From 9caf2dbda63e89197bbd7a5d569719cbe22552a8 Mon Sep 17 00:00:00 2001
From: ankraft <an.kraft@gmail.com>
Date: Thu, 18 Apr 2024 23:00:26 +0200
Subject: [PATCH] Removing html tags from clause titles and anchors

---
 toMkdocs/toMkdocs.py | 6 ++++++
 1 file changed, 6 insertions(+)

diff --git a/toMkdocs/toMkdocs.py b/toMkdocs/toMkdocs.py
index 1ee9eeb..8ad53dc 100644
--- a/toMkdocs/toMkdocs.py
+++ b/toMkdocs/toMkdocs.py
@@ -98,6 +98,7 @@ _match2spaceListIndention = re.compile(r'^\s{2}-', re.IGNORECASE)
 _markdownLink = re.compile(r'[^!]\[[^\]]*\]\((#[^)]*)\)', re.IGNORECASE)
 _htmlLink = re.compile(r'<a\s+href="([^"\']*)">[^<]*</a>', re.IGNORECASE)
 _htmlAnchorLink = re.compile(r'<a\s+name="([^"]*)">[^<]*</a>', re.IGNORECASE)
+_htmlTag = re.compile(r'<[^>]*>', re.IGNORECASE)
 _matchNoteStart = re.compile(r'^\s*>\s*(note)?\s*[:]?\s*', re.IGNORECASE)
 
 
@@ -172,6 +173,7 @@ def analyseMarkdown(filename:str) -> list[Clause]:
 		if (m := _matchHeader.match(line)):
 			# Add a new clause
 			clauseTitle = m.groups()[1].strip()
+			clauseTitle = re.sub(_htmlTag, '', clauseTitle)
 			headerNumber = _matchHeaderNumber.search(clauseTitle)
 			outClauses.append(Clause(len(m.groups()[0]), # level
 						  		   headerNumber.group() if headerNumber else shortHash(clauseTitle, 6),
@@ -278,12 +280,16 @@ def updateLinks(clauses:list[Clause]) -> list[Clause]:
 		# Find all headers in the clause
 		for line in clause.lines:
 			if (m := _matchHeader.match(line.text)):
+				
 				# convert the header to anchor format and add it to the dictionary
 				# Remove special characters
 				# TODO move perhaps to an own function
 				anchor = m.groups()[1].strip().casefold().replace(' ', '-')
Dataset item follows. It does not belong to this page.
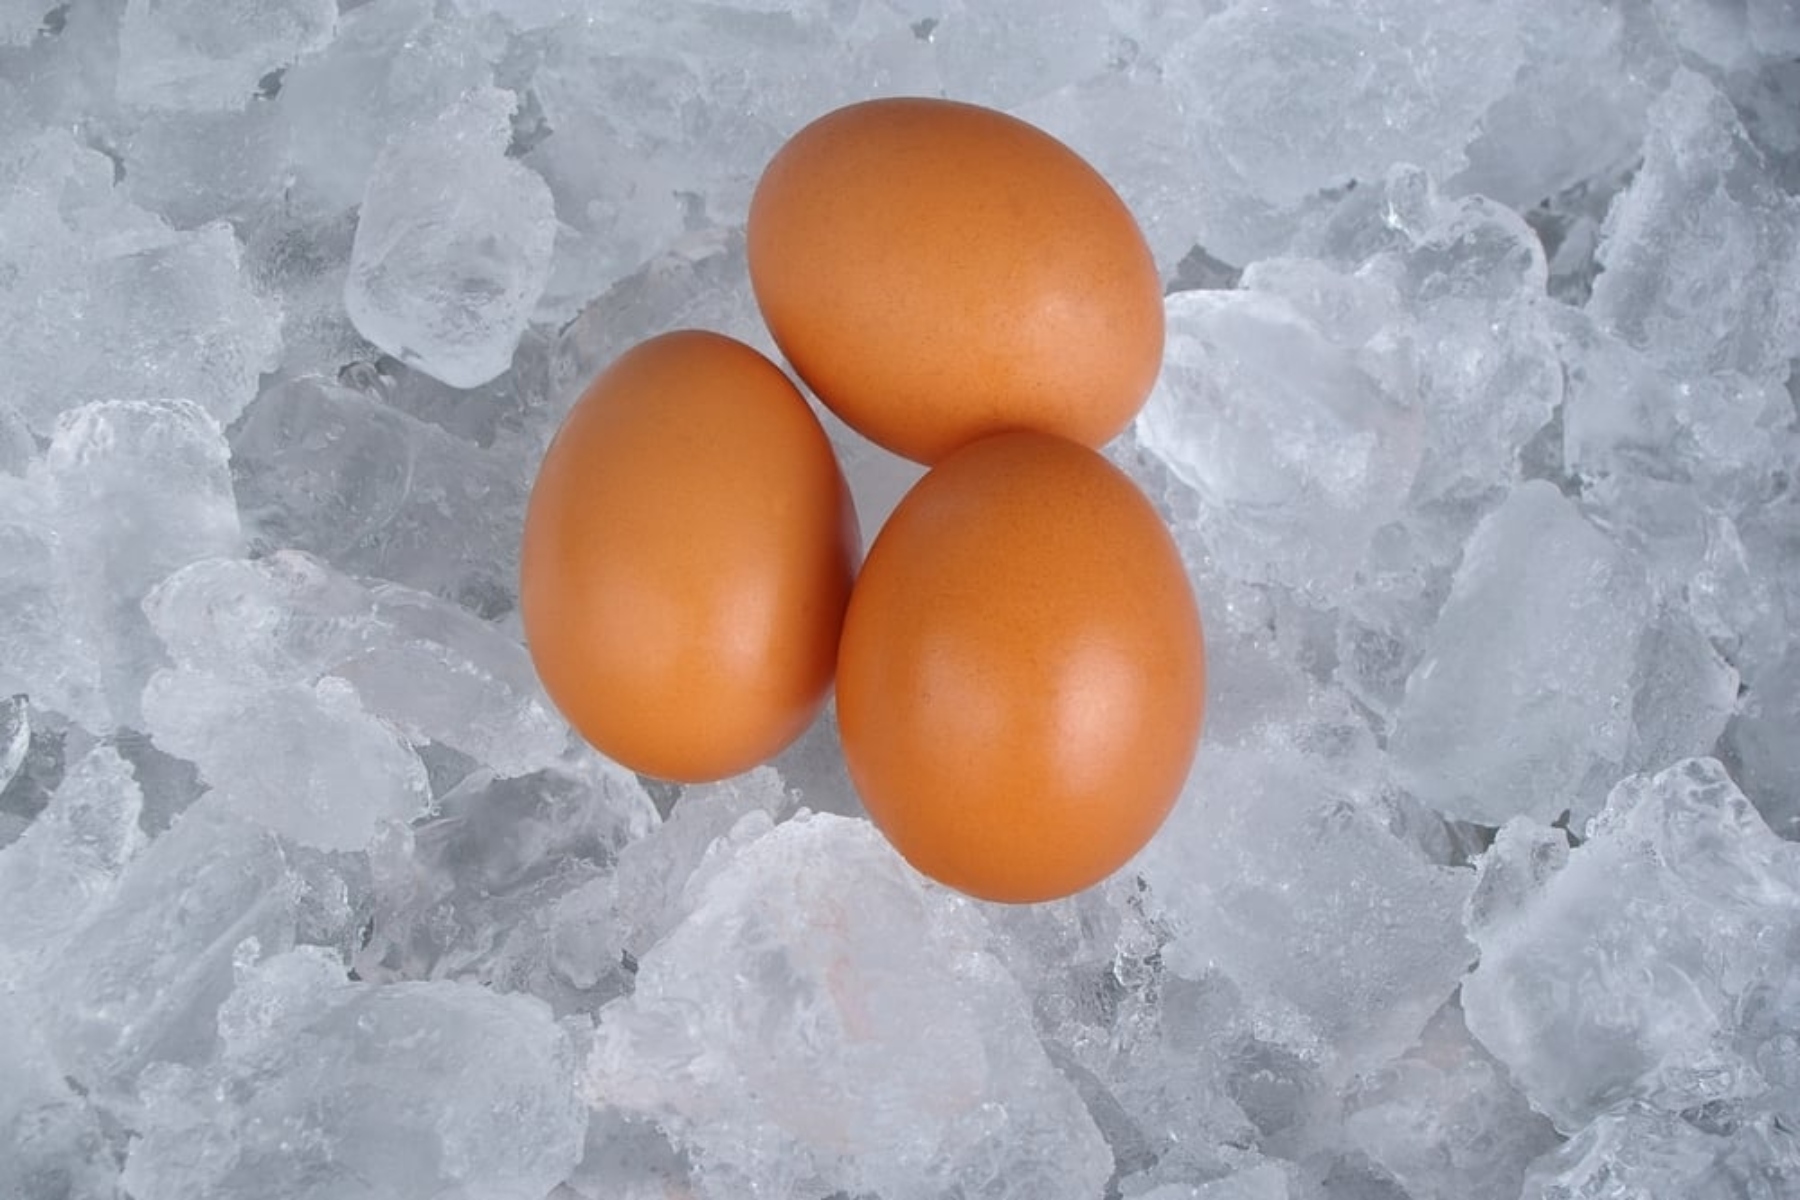 Kατάψυξη ωαρίων: Λόγοι για τους οποίους πρέπει να καταψύξετε τα ωάριά σας

 				for c in ( '.', '(', ')', '[', ']', ':', ',', "'", '"'):
 					anchor = anchor.replace(c, '')
+				# remove html tags from the anchor
+				anchor = re.sub(_htmlTag, '', anchor)
+
 				linkTargets[f'#{anchor}'] = clause
 				if veryVerbose:
 					print(f'[dim]Added Markdown anchor "{anchor}"')
-- 
GitLab